There is a highdicom draft implementation of what this could look like.
One issue is that currently SEGs images are limited to 8 bits per pixel, which would limit the number of segments representable in “LABELMAP” style to 255. This may not be high enough for some applications (e.g. instance segmentation). A proposal on “label map” encoding should consider whether this limitation should be relaxed.
Fractional segs are quantized and stored as integers. As mentioned above, the bits allocated is limited to a maximum of 8 currently. This means that fractional segmentations have limited precision and are quantized to 256 values, which is a lower level of precision than users would generally expect.
There are repeated reports of interoperability issues between segmentations created with highdicom and viewed in OHIF. See this issue.

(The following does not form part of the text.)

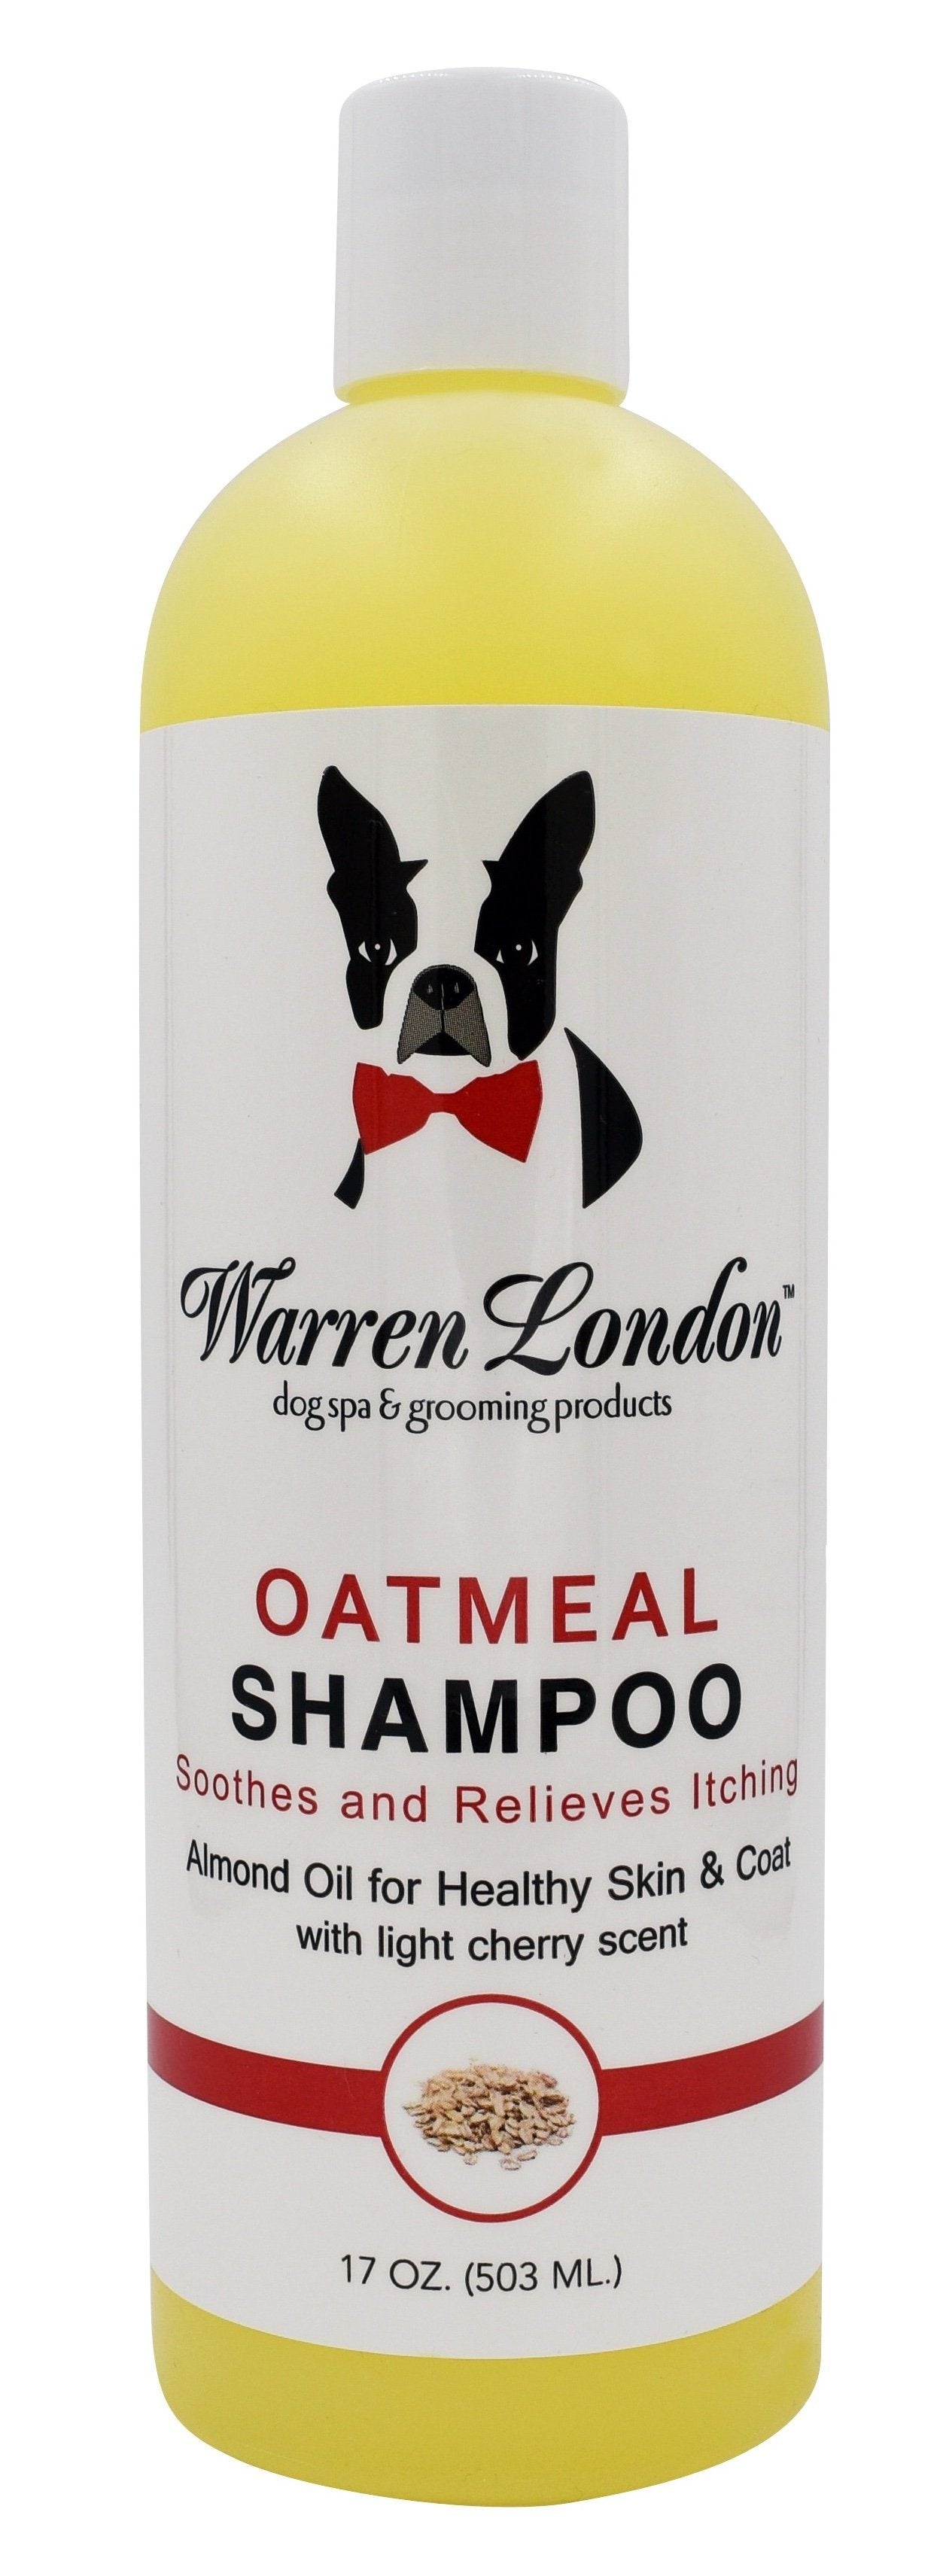 Oatmeal Shampoo - For Dogs With Itchy Skin and Coats - Cherry Scented Dog Shampoo Warren London

Multiple users of highdicom have been asking for support for 2D+T files. This is possible but not straightforward due to the need to create a dimension organization methodology that includes time as a dimension. Due to time limitations this has not been a priority for highdicom but remains an open issue. See
A broader issue is whether these would be understood by viewing software unless the dimension organization method is standardized to some extent.